Understanding the Causes of Cardiac Arrest in Children

Causes of Cardiac Arrest in Children

Each year, more than 2,000 children and adolescents in the U.S. die from sudden cardiac arrest (SCA), also known as cardiopulmonary arrest. The condition is responsible for 3 to 5 percent of all deaths in children 5 and over, and 10 to 15 percent of deaths in infants. Cardiac arrest is typically perceived as something that affects older adults, but that is not the case. So, what causes cardiac arrest in children? More importantly, what can we do to prevent it?

Causes of Cardiac Arrest in Children

SCA in adults is typically the result of coronary artery disease or another condition that develops over a period of decades. In contrast, sudden cardiac arrest in children is often the result of an underlying pre-existing condition. Unfortunately, the condition is seldom diagnosed prior to the SCA event. Common causes of pediatric cardiac arrest include:

Pediatric cardiomyopathy

Pediatric cardiomyopathy is the number one cause of ​​SCA in children.

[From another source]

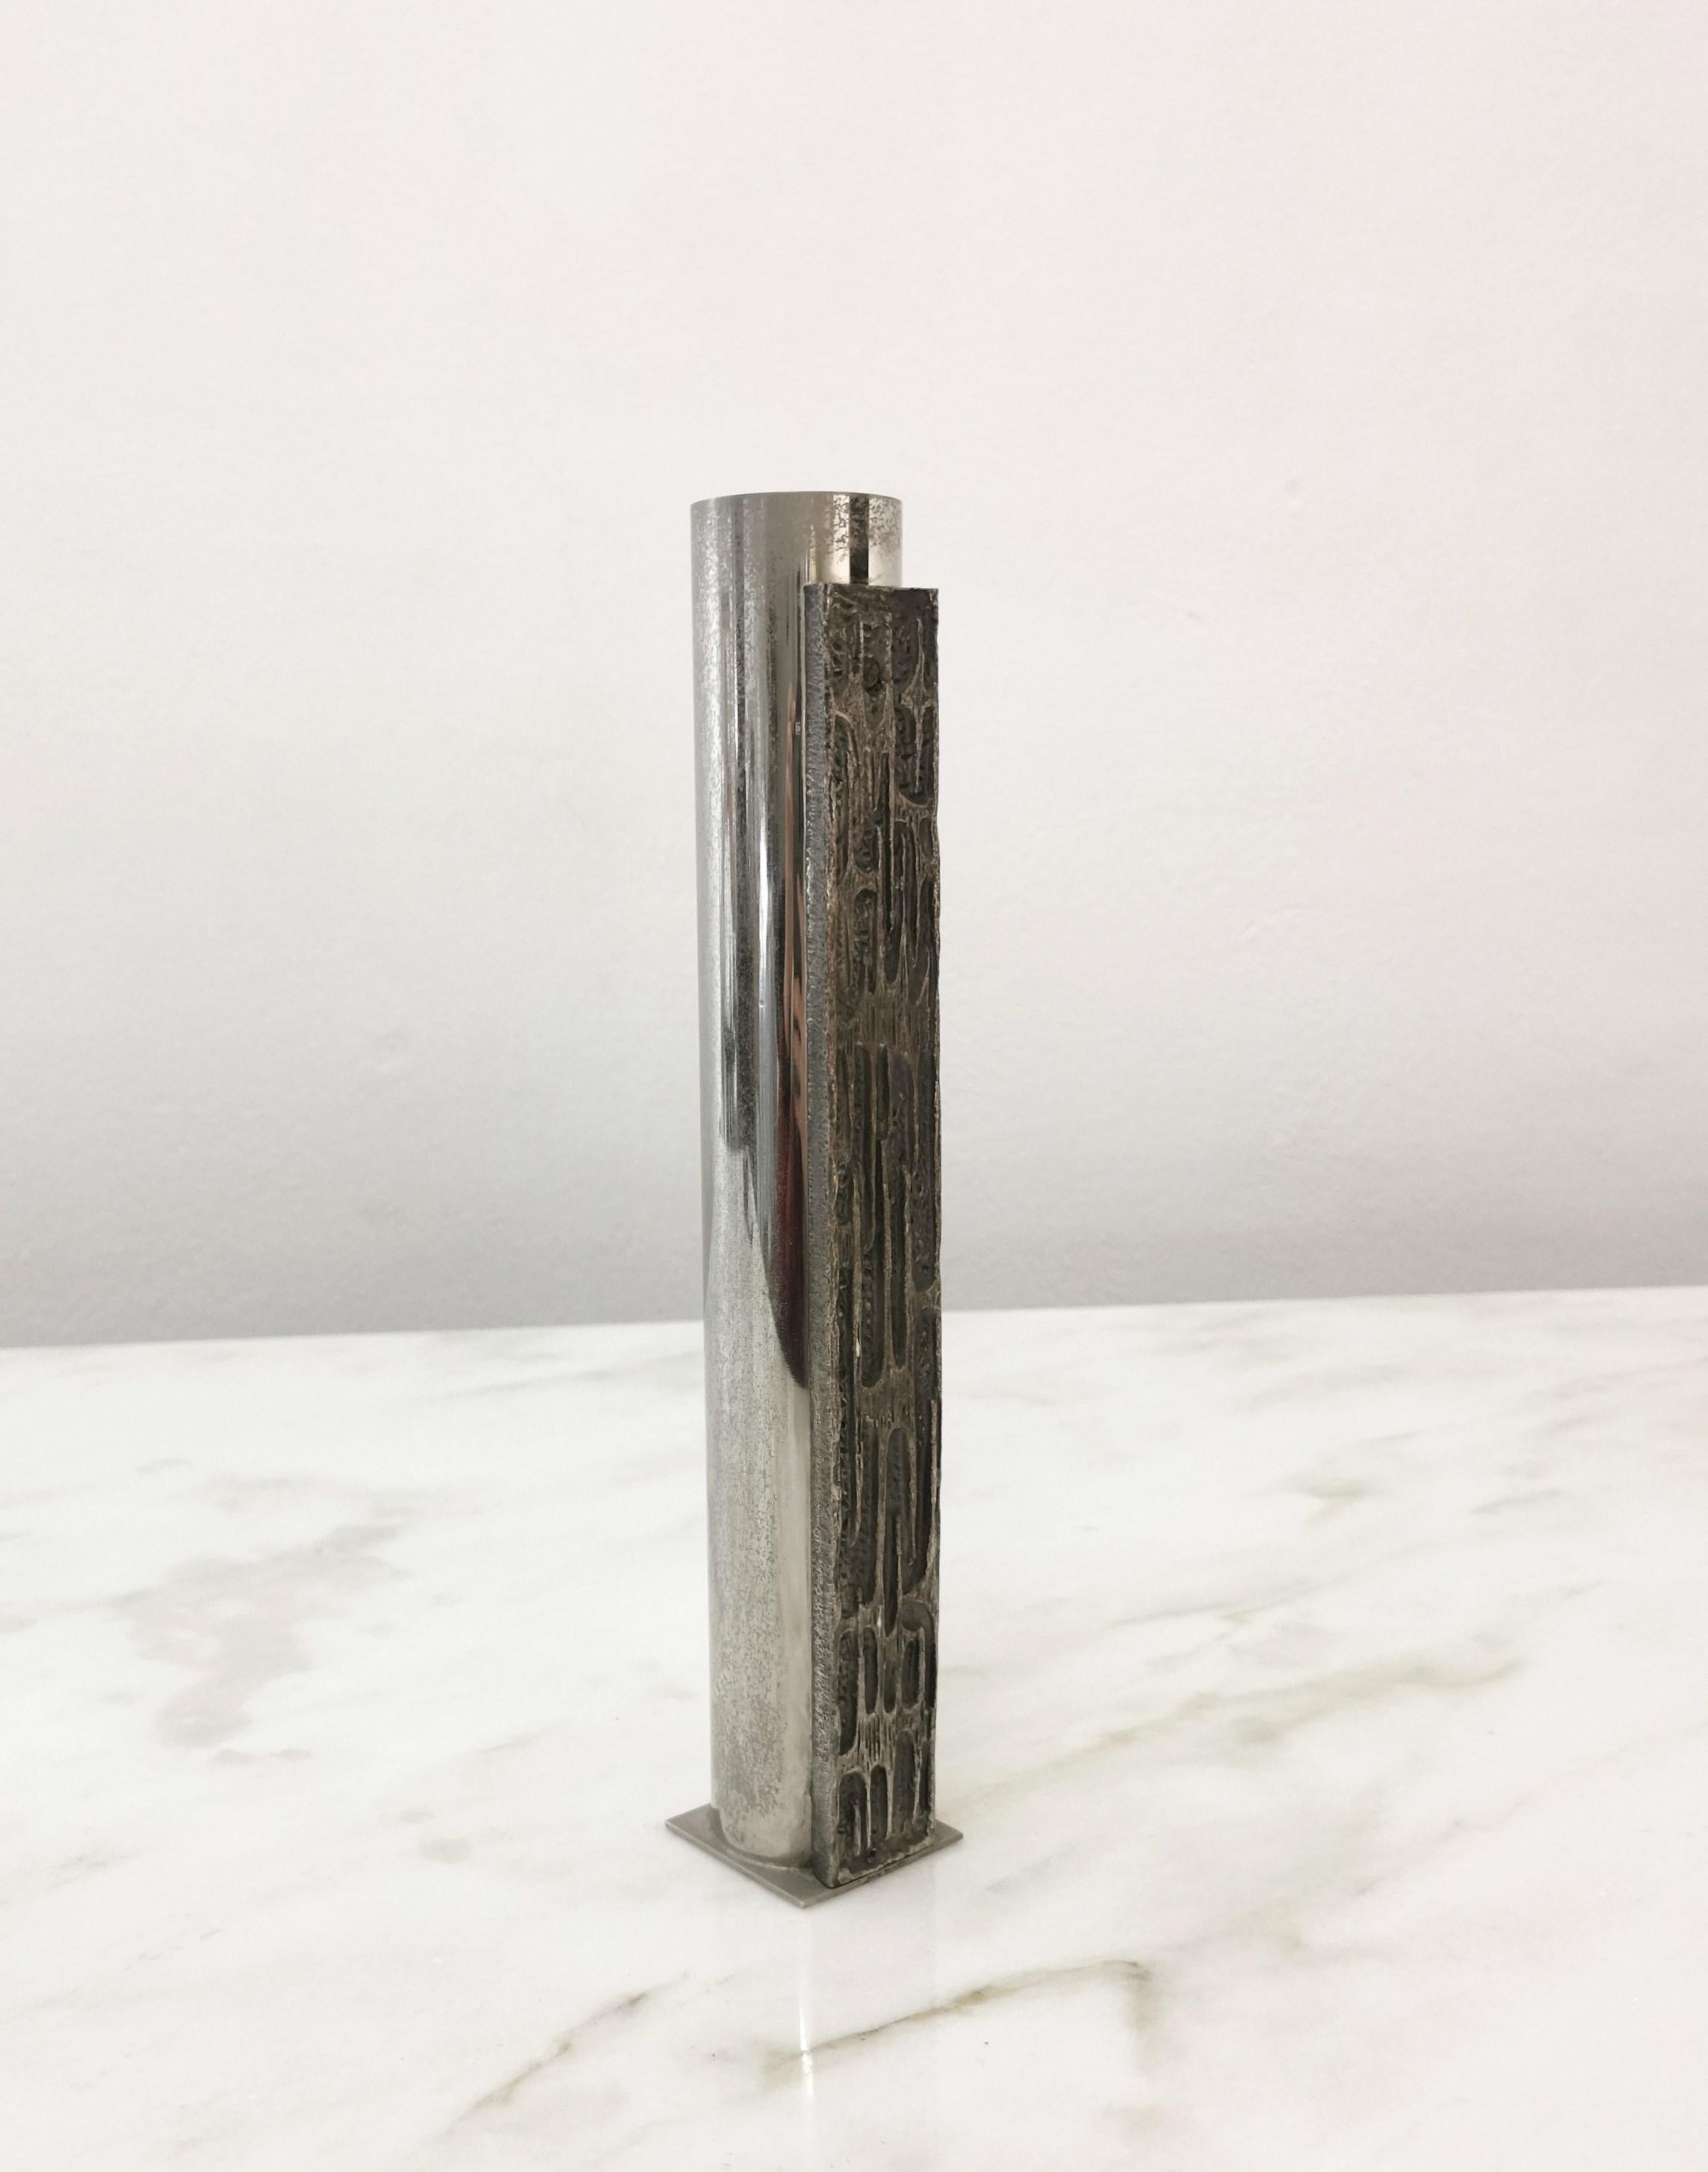 Single-flower/flower holder designed in the style of Angelo Brotto for Esperia produced in the 70s. The cylindrical flower holder was made of chromed nickel-plated brass with a central sculpture.



Note: We try to offer our customers an excellent

Though rare (affecting about one out of every 100,000 children in the U.S. each year), it can be fatal if not treated promptly. Pediatric cardiomyopathy can manifest in symptoms like rapid breathing, dizziness, shortness of breath, irregular heartbeat, fainting, chest pain, fatigue, and abdominal swelling. Symptoms are often dismissed as cold, flu, or signs of asthma. Some children have no symptoms at all.

A pediatric cardiologist can pinpoint the condition using an echocardiogram (echo) and/or an electrocardiogram (EKG/ECG). The condition may be treated using diuretics and/or anticoagulants, and some children may require a pacemaker or implantable cardioverter defibrillator (ICD) to control irregular heartbeats.

Structural cardiac abnormalities

Numerous conditions fall under the umbrella of structural abnormalities, including coronary artery anomalies, Marfan syndrome, and certain postoperative repairs.

Congenital heart disease (CHD) is a type of heart disease that exists from birth. Children with CHD can manifest a range of structural abnormalities that may change the way blood flows through the heart. These structural abnormalities can contribute to irregular heartbeats and other life-threatening conditions.

Marfan syndrome is an inherited disorder that affects connective tissue; people with this condition typically have weaker-than-normal tissue in one or more areas of the body. It can affect nearly any part of the body and ranges from mild to severe, but it becomes life-threatening if it affects the aorta. Blood pressure medication is sometimes recommended to reduce strain on the aorta, and some pediatric patients require corrective surgery.

Pediatric arrhythmias

Pediatric arrhythmias occur when there is an alteration in the heart’s normal electrical conduction system. Examples of pediatric arrhythmias include long QT syndrome (LQTS) and Wolff-Parkinson-White syndrome (WPW).

Long QT syndrome is a heart rhythm condition that can trigger rapid, chaotic heartbeats, potentially resulting in fainting, seizures, or sudden cardiac arrest. These types of episodes are usually triggered by stress or vigorous exercise.

Wolff-Parkinson-White Syndrome is characterized by a malfunction of the electrical pathways between the upper and lower chambers of the heart (atria and ventricles). Signals are sent to the ventricles prematurely, causing the impulses to ricochet back to the atria. This can cause rapid heartbeats and potentially cause the heart to stop altogether.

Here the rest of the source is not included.